AR mRNA expression was observed in 34/101 patients (34%) whereas 12/80 cases (15%) were positive by IHC. qRT-PCR could thus detect more AR positive patients as compared to IHC, with 75% (9/12) concordance between the two methods. Co-expression of GATA3 and FOXA1 mRNA was observed in 85 and 88% of AR mRNA positive tumors, respectively. AR mRNA positivity was significantly correlated with age at disease onset (p = 0.02), high FOXA1/GATA3 (p < 0.05) and distant recurrence. AR mRNA positive patients had poorer DMFS (43%; p = 0.002). DMFS dropped further to 26% (p = 0.006) in AR (+)/high FOXA1/GATA3 patients. AR mRNA expression together with node positivity had the worst DMFS (23%; p < 0.0001) compared to patients who were either positive for any one of these, or negative for both AR and node status.
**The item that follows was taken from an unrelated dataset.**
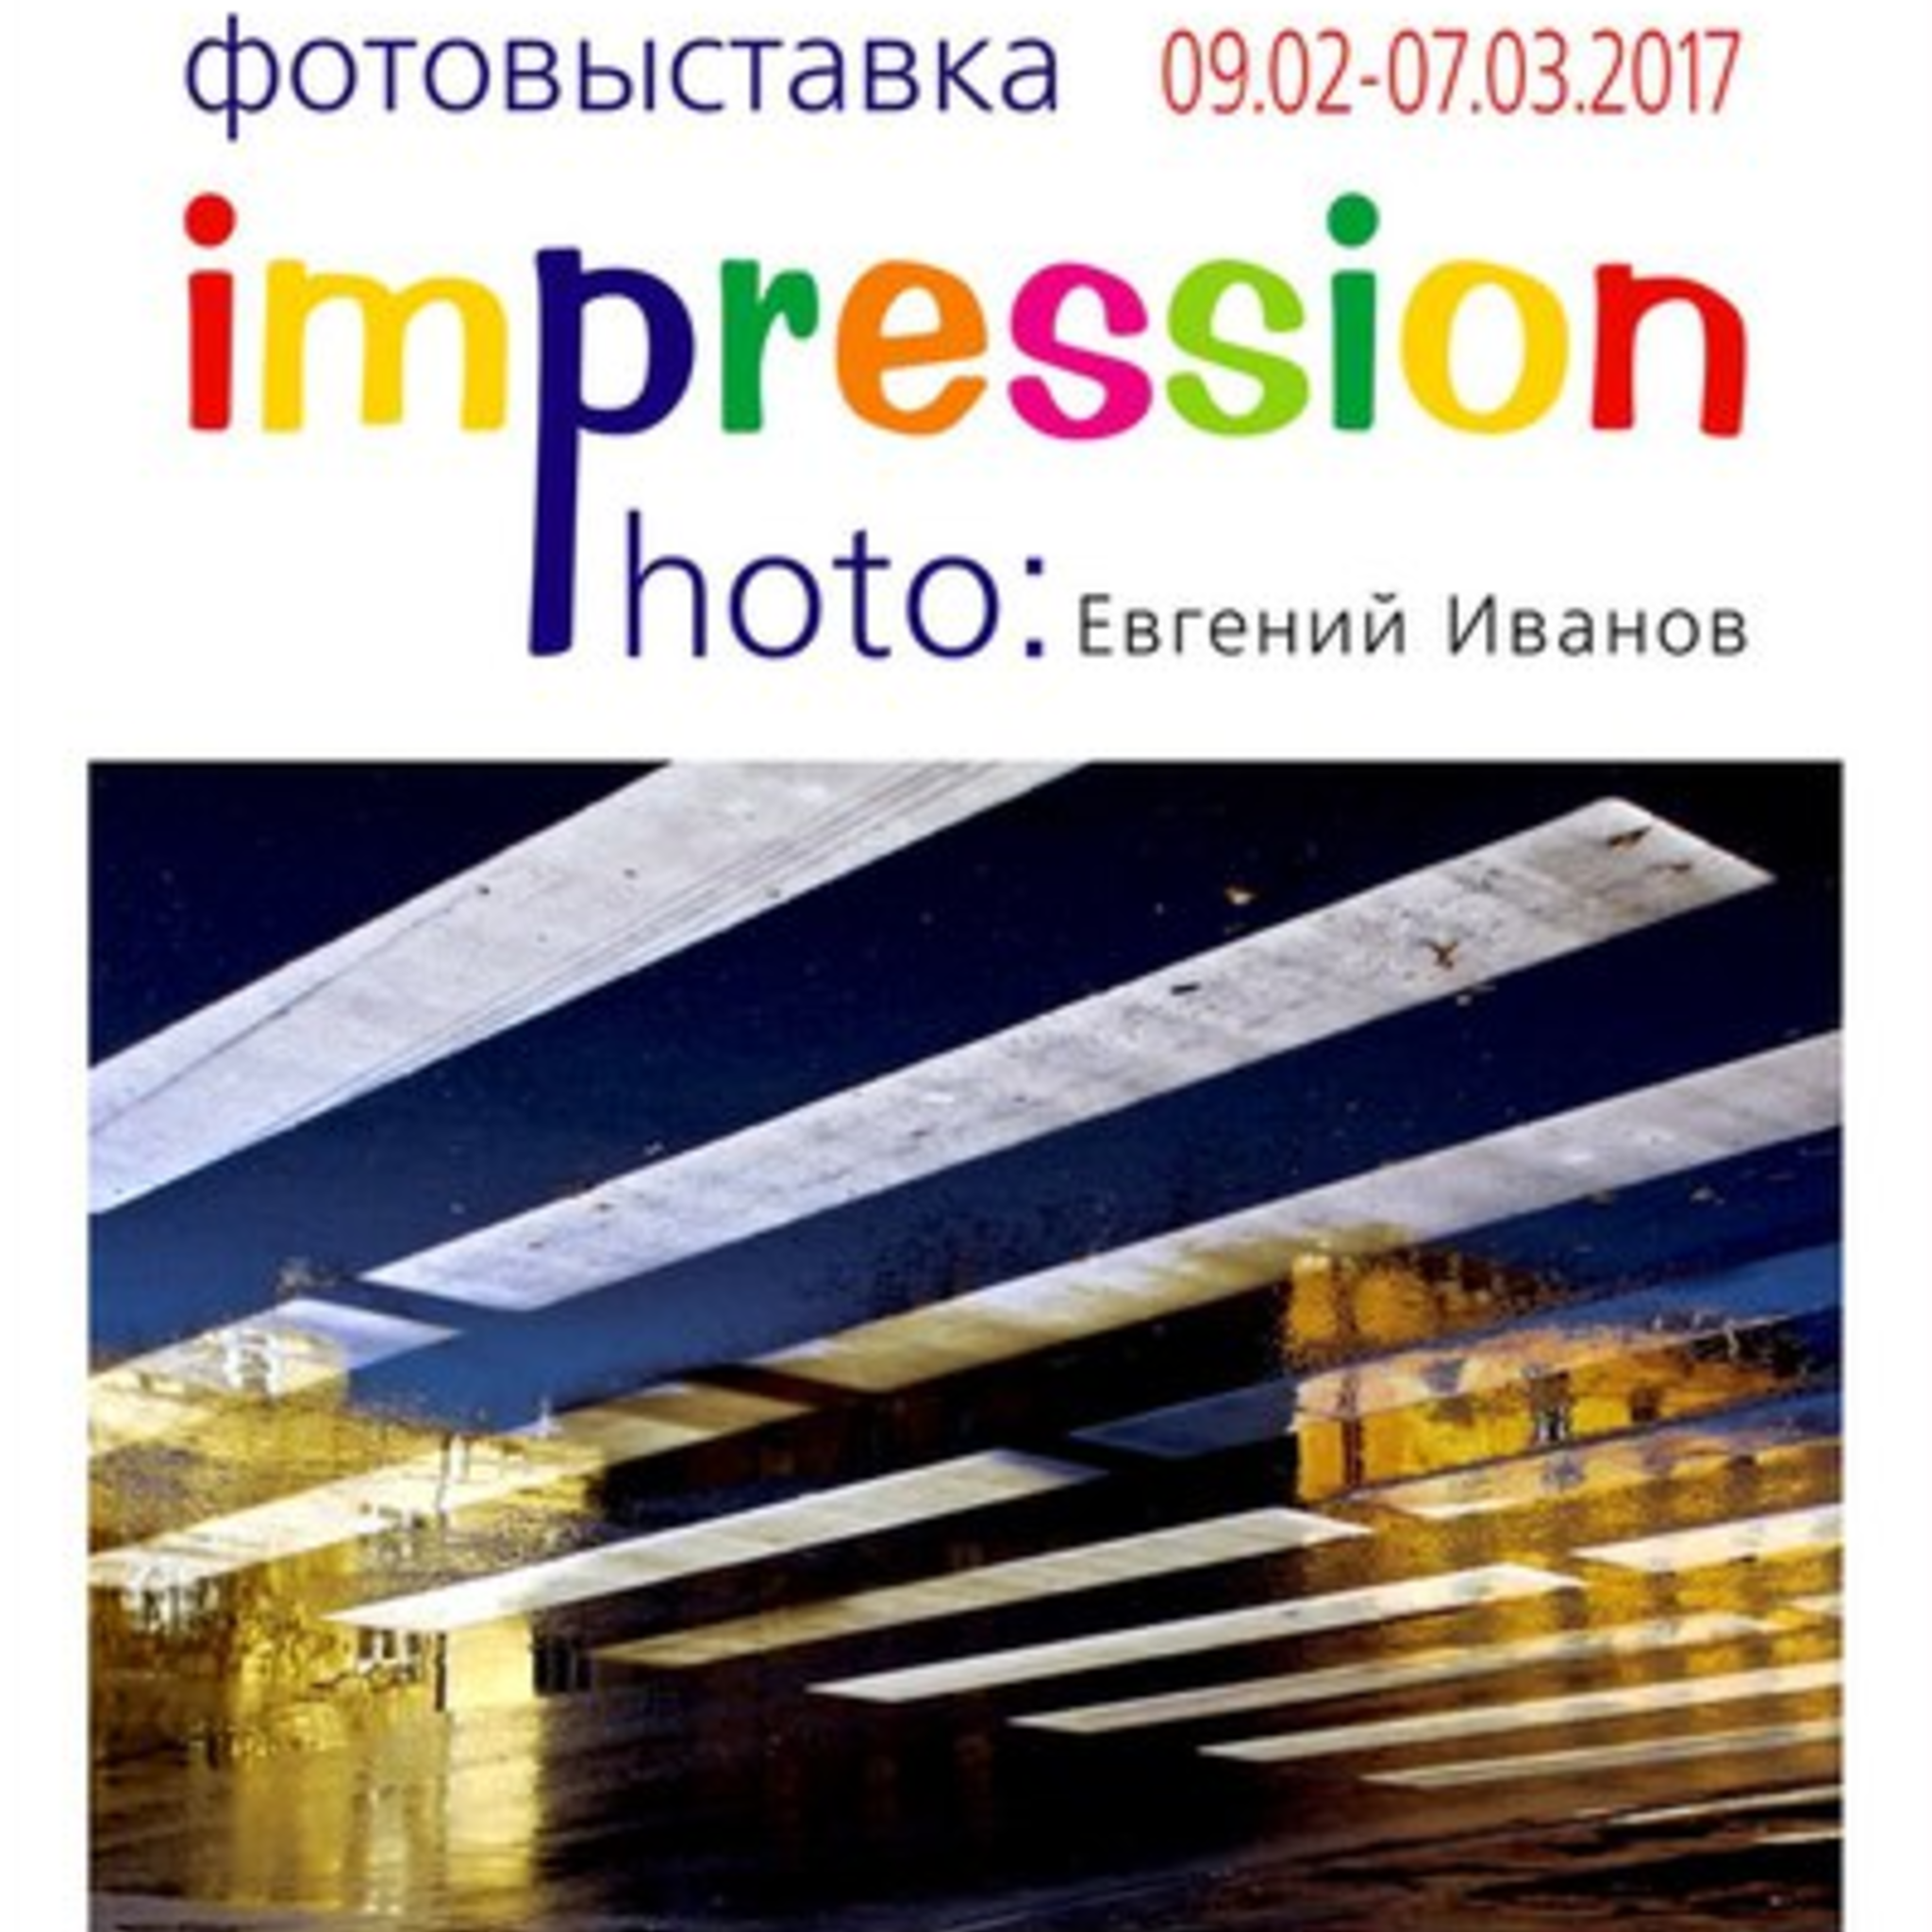 Evgenia Ivanova Photo exhibition Impression

Low Ki67 mRNA with AR mRNA positivity also had poorer DMFS (39%; p = 0.001) compared to patients expressing low Ki67 with no AR mRNA expression.
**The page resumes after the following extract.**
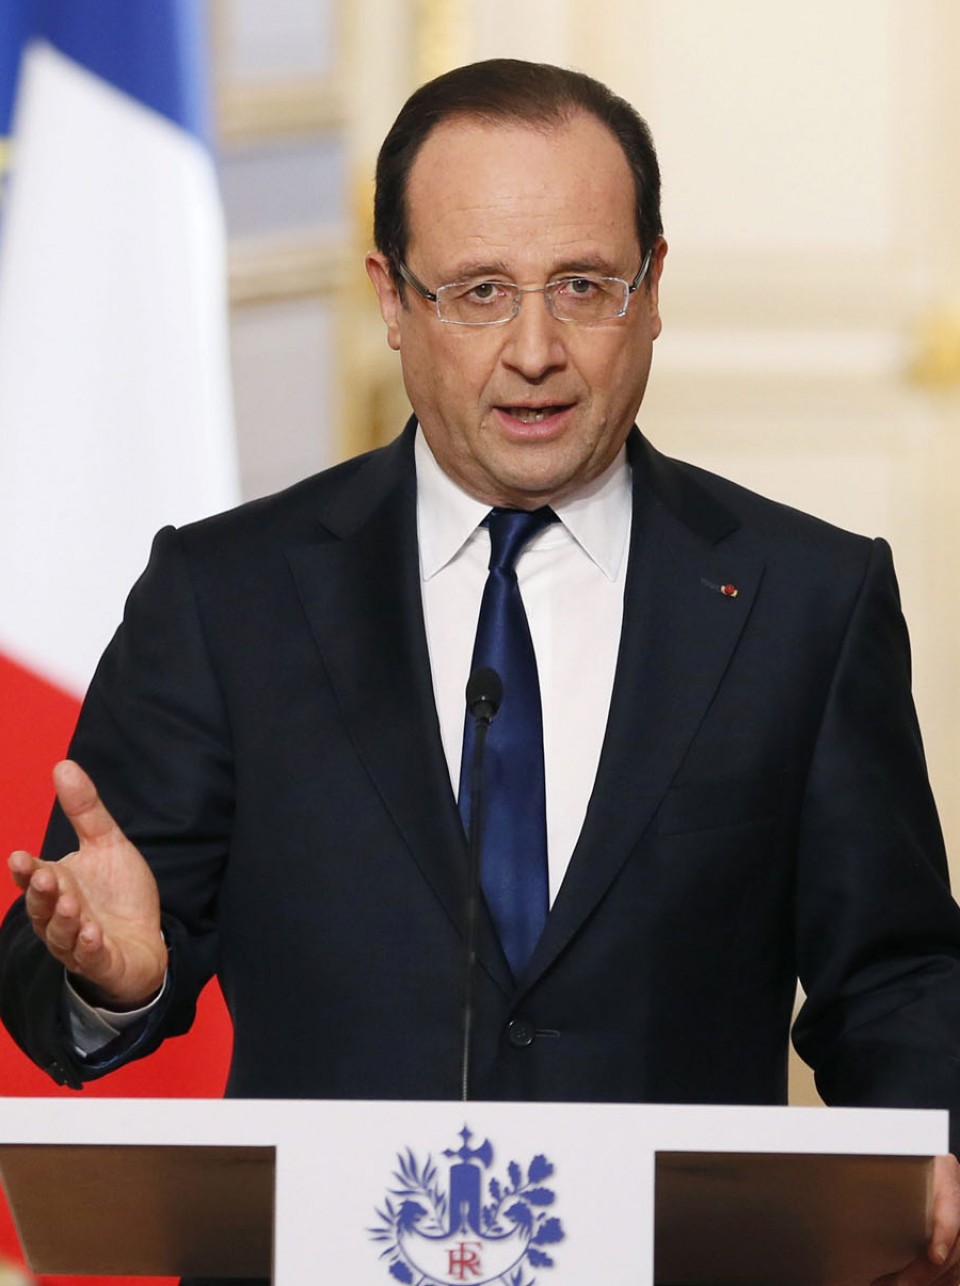 François Hollande Frantziako presidentea.

qRT-PCR was more sensitive and reliable in detecting the dynamic expression levels of AR compared to IHC and this variation could be explained by the higher sensitivity of the former method. High AR mRNA expression was strongly associated with expression of AR protein, high FOXA1/GATA3 mRNA, and with poor prognosis. qRT-PCR was more efficient in detecting the AR positive cases compared to IHC. A distinct signature involving high GATA3/FOXA1, low Ki67, and node positivity in AR mRNA positive tumors correlated with poor prognosis. Thus, AR mRNA screening can serve as an effective prognostic marker along with offering potential targeted therapy options for TNBC.
抗雄激素受体(AR)治疗对表达 AR 的三阴性乳腺癌(TNBC)患者具有一定的治疗潜力。然而,目前的 AR 检测方法在检测 AR 表达的动态范围方面并不理想,这导致其在 TNBC 疾病预后中的作用存在争议。本研究旨在评估 qRT-PCR 检测 AR mRNA 水平的可行性,以实现对预后的灵敏而稳健的检测。
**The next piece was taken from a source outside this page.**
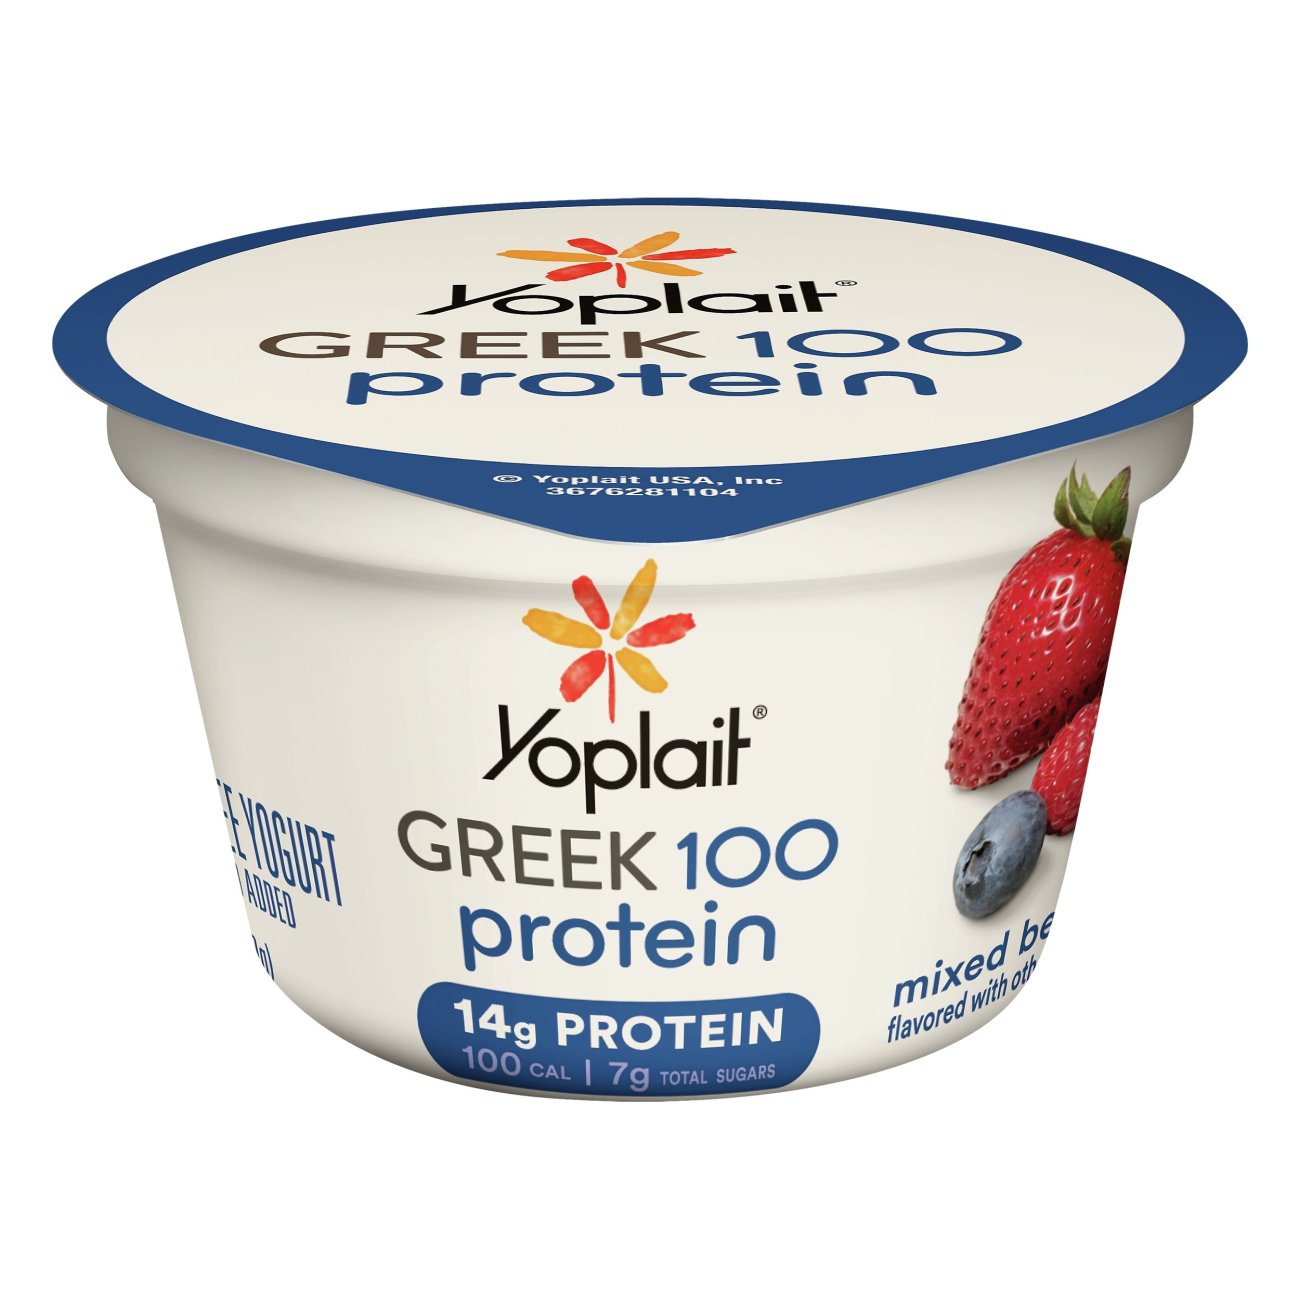 Yoplait Greek 100 Protein Mixed Berry

采用 qRT-PCR 对 101 例 TNBC 患者的回顾性队列的 FFPE 块进行 mRNA 表达谱分析,并与免疫组织化学法检测的 AR 蛋白表达进行比较。统计分析包括 Spearman 秩相关、卡方和 Kaplan-Meier 分析。远处无转移生存(DMFS)是生存分析的终点。
在 101 例患者中,有 34 例(34%)观察到 AR mRNA 表达,而 80 例中有 12 例(15%)为免疫组化阳性。因此,qRT-PCR 可以比免疫组化检测到更多的 AR 阳性患者,两种方法的一致性为 75%(9/12)。在 AR mRNA 阳性肿瘤中,GATA3 和 FOXA1 mRNA 的共表达分别为 85%和 88%。AR mRNA 阳性与发病年龄(p=0.02)、高 FOXA1/GATA3(p<0.05)和远处复发显著相关。AR mRNA 阳性患者的 DMFS 较差(43%;p=0.002)。在 AR(+)/高 FOXA1/GATA3 患者中,DMFS 进一步降至 26%(p=0.006)。与任何一种 AR 或淋巴结状态阳性的患者相比,AR mRNA 表达与淋巴结阳性相结合的 DMFS 最差(23%;p<0.0001)。与 AR mRNA 表达阴性且 Ki67 低的患者相比,AR mRNA 阳性且 Ki67 低的患者的 DMFS 更差(39%;p=0.001)。
与免疫组化相比,qRT-PCR 更灵敏、更可靠地检测 AR 的动态表达水平,这可以用前者的高灵敏度来解释。高 AR mRNA 表达与 AR 蛋白表达、高 FOXA1/GATA3 mRNA 表达以及不良预后密切相关。qRT-PCR 比免疫组化更有效地检测到 AR 阳性病例。在 AR mRNA 阳性肿瘤中,高 GATA3/FOXA1、低 Ki67 和淋巴结阳性的特定特征与预后不良相关。因此,AR mRNA 筛查可以作为一种有效的预后标志物,并为 TNBC 提供潜在的靶向治疗选择。